Babur hailed from an illustrious lineage, descended on his mother's side from none other than the celebrated Mongol ruler Chingiz (a.k.a. “Genghis”) Khan (ca. 1160-1227), and on his father's side from one of late antiquity's other great Eurasian conquerors, Amir Timur Gurgan (a.k.a. “Tamerlane”; 1336-1405).[1872] Timur himself had sacked Delhi in the late fourteenth century, a fact that his descendant Babur would later use in part to justify his own claim to rule India. Indeed, the cultural and political institutions, not to mention the cultural memory, of the Timurid imperial world would play an important part in the later development of Mughal institutions and especially the court's royal symbology.[1873]But Babur's early interest in India, and his sense almost from birth that he had a legitimate claim to rule northern India, also highlights an important aspect of cultural and political life in pre- and early modern South Asia, namely that it had always been a part of the wider world beyond the Indus, both influencing and being influenced by developments in Central and West Asia. Modern nationalist characterizations of ancient India as an essentially and exclusively “Hindu” civilization, one that was closed to outside influences and cultural entanglements, tend to ignore the plain historical fact that there has always been a vigorous traffic, in both directions, along the trans-Indus corridor that runs from Persia and Central Asia down through the Indo-Gangetic Plain to Bengal, dating back to antiquity—a set of overland networks that complemented and in some cases overlapped with the more well-known maritime networks of the Indian Ocean world.[1874]

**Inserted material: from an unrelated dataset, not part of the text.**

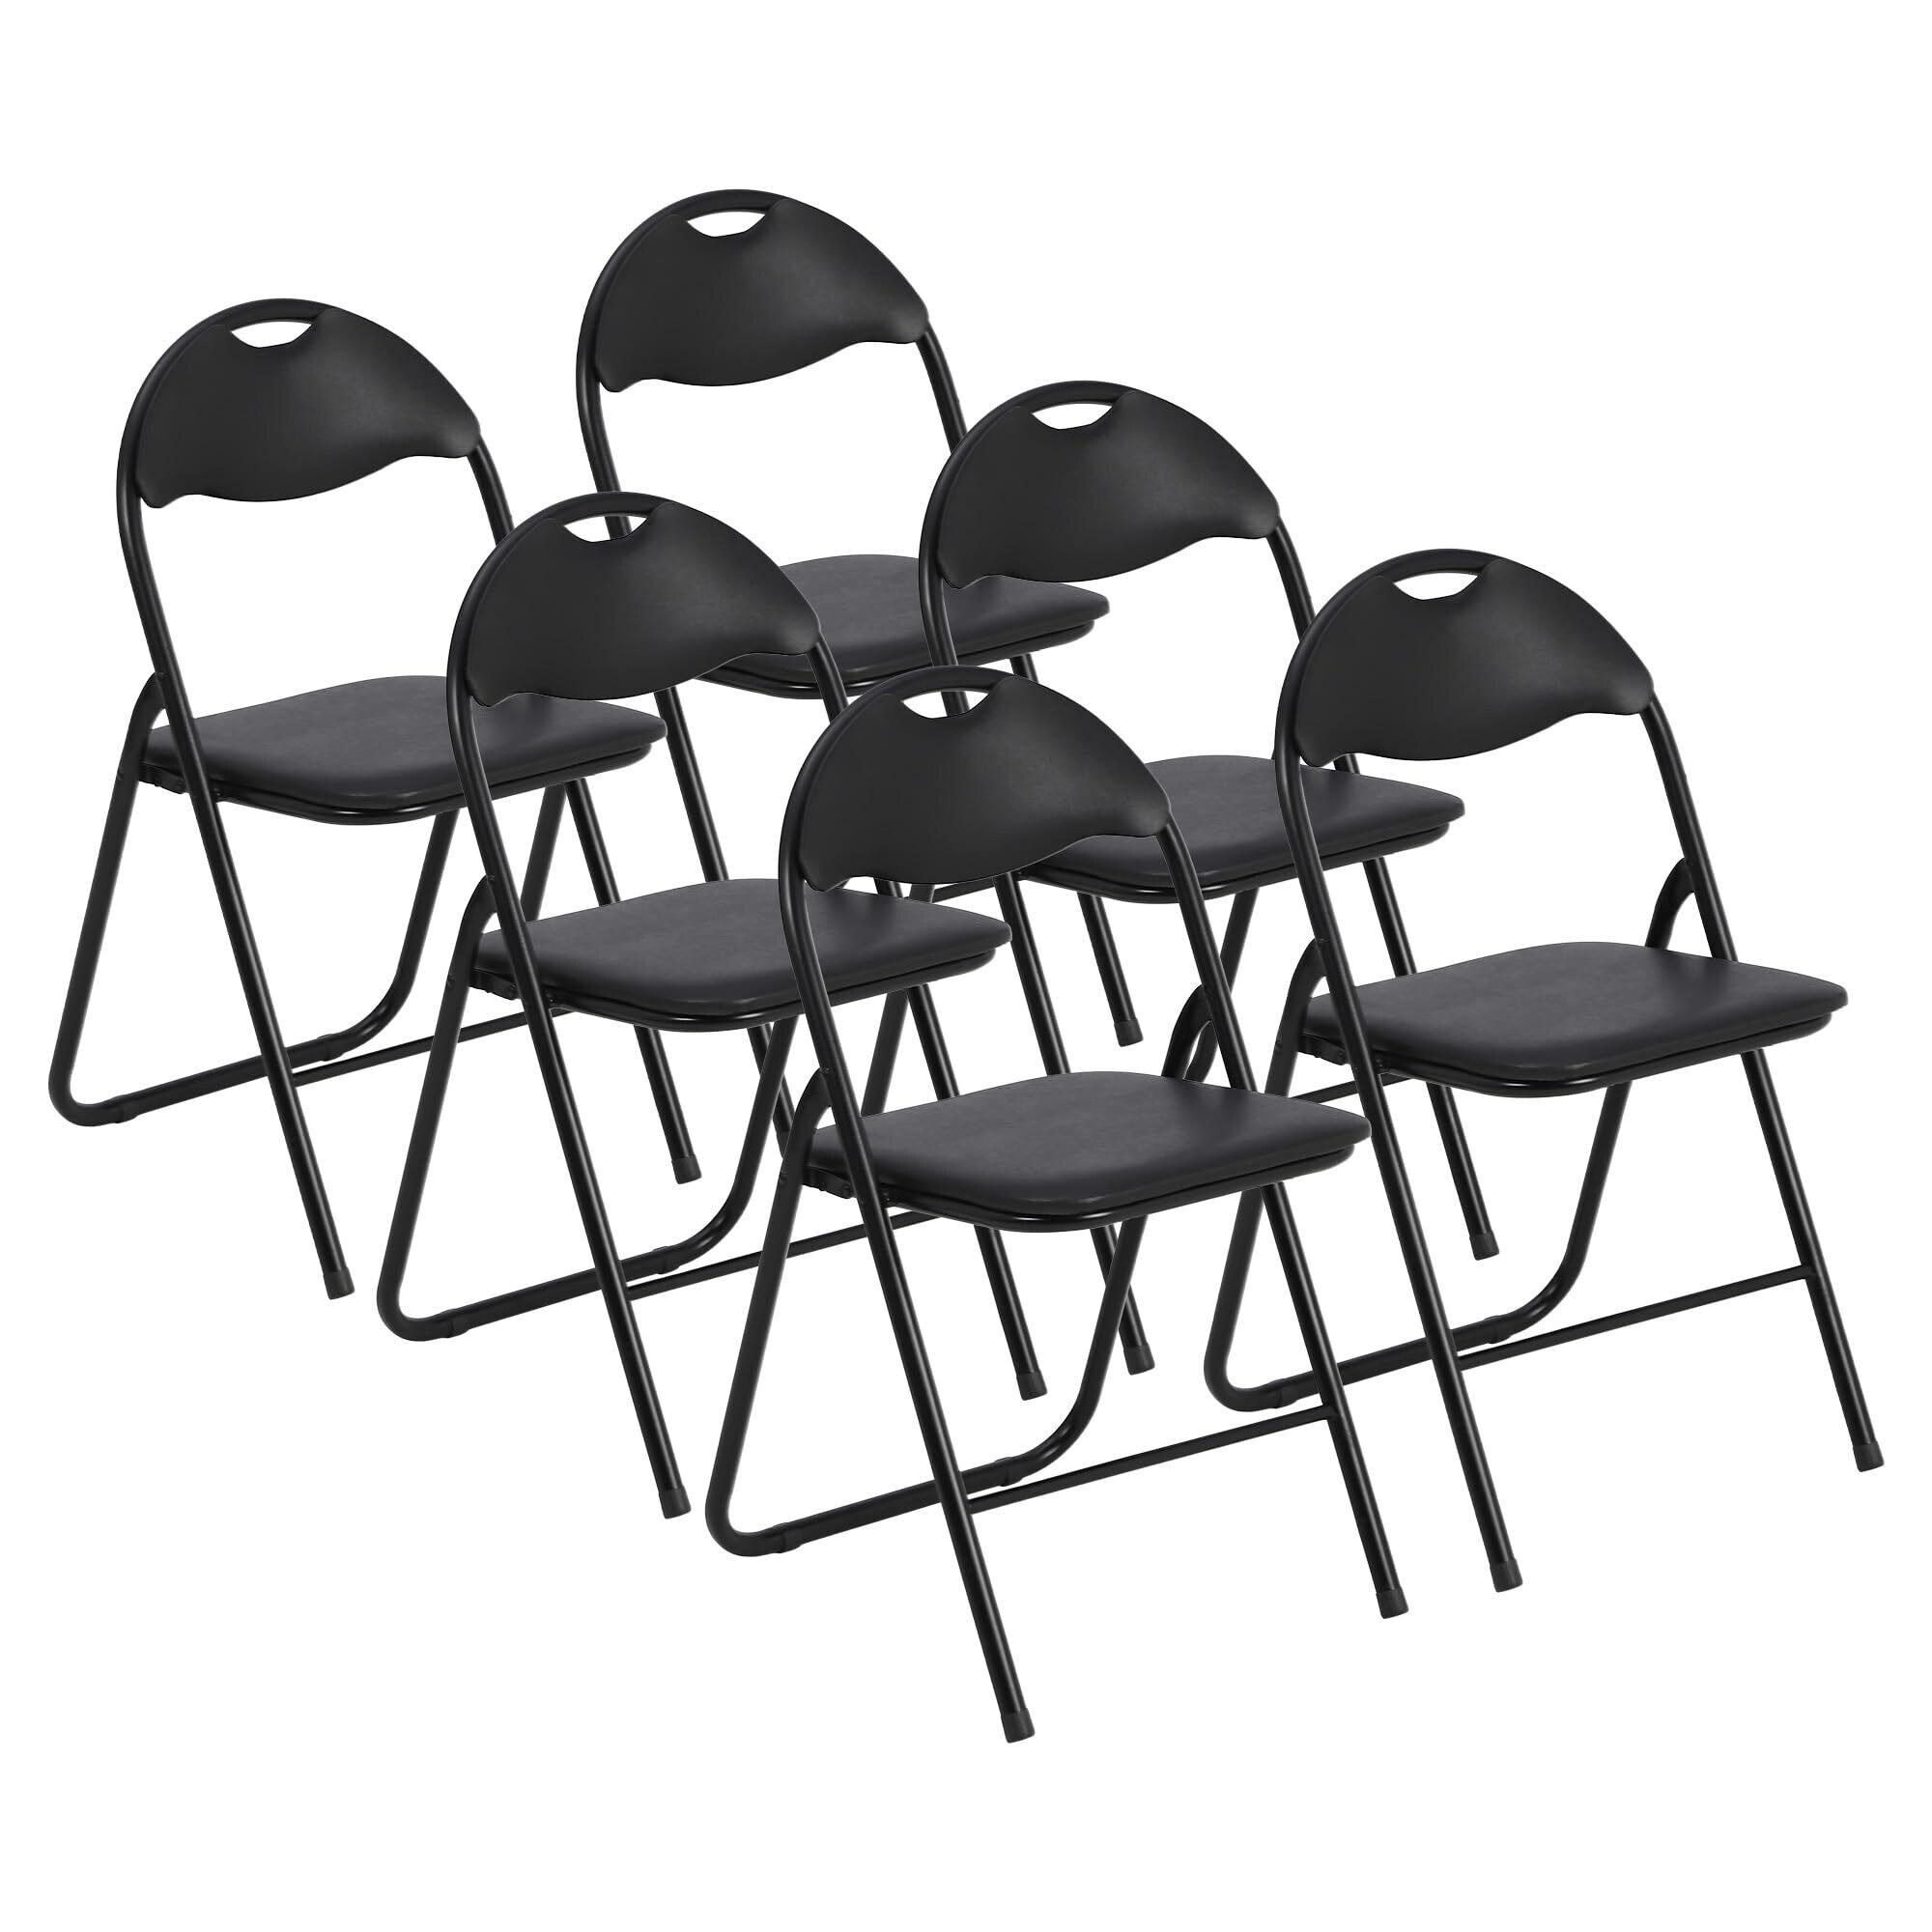 Folding Chairs with Padded Seats - Bed Bath & Beyond - 39468327

Babur had been born and raised in that vibrant “crossroads culture” of Central Asia, in the part of the world where the Indic, Chinese, Turkic, Persianate, and even Greco-Hellenic worlds had all intersected and overlapped at one point or another throughout history.[1875] Though for a long time he was seen, at least from the perspective of modern colonial and nationalist South Asian historiography, as little more than a rugged warrior in a long line of Muslim conquerors who had invaded India purely out of religious zeal, more recent scholarship has given us a much more nuanced picture of Babur as a kind of “renaissance man” with a complex biography and competing motivations.[1876] Indeed, the picture that emerges from Babur's own memoir is that of a man who was deeply introspective and often conflicted, but also extremely worldly, literary, and intellectually curious, particularly with regard to what he considered to be the strange wonders of India.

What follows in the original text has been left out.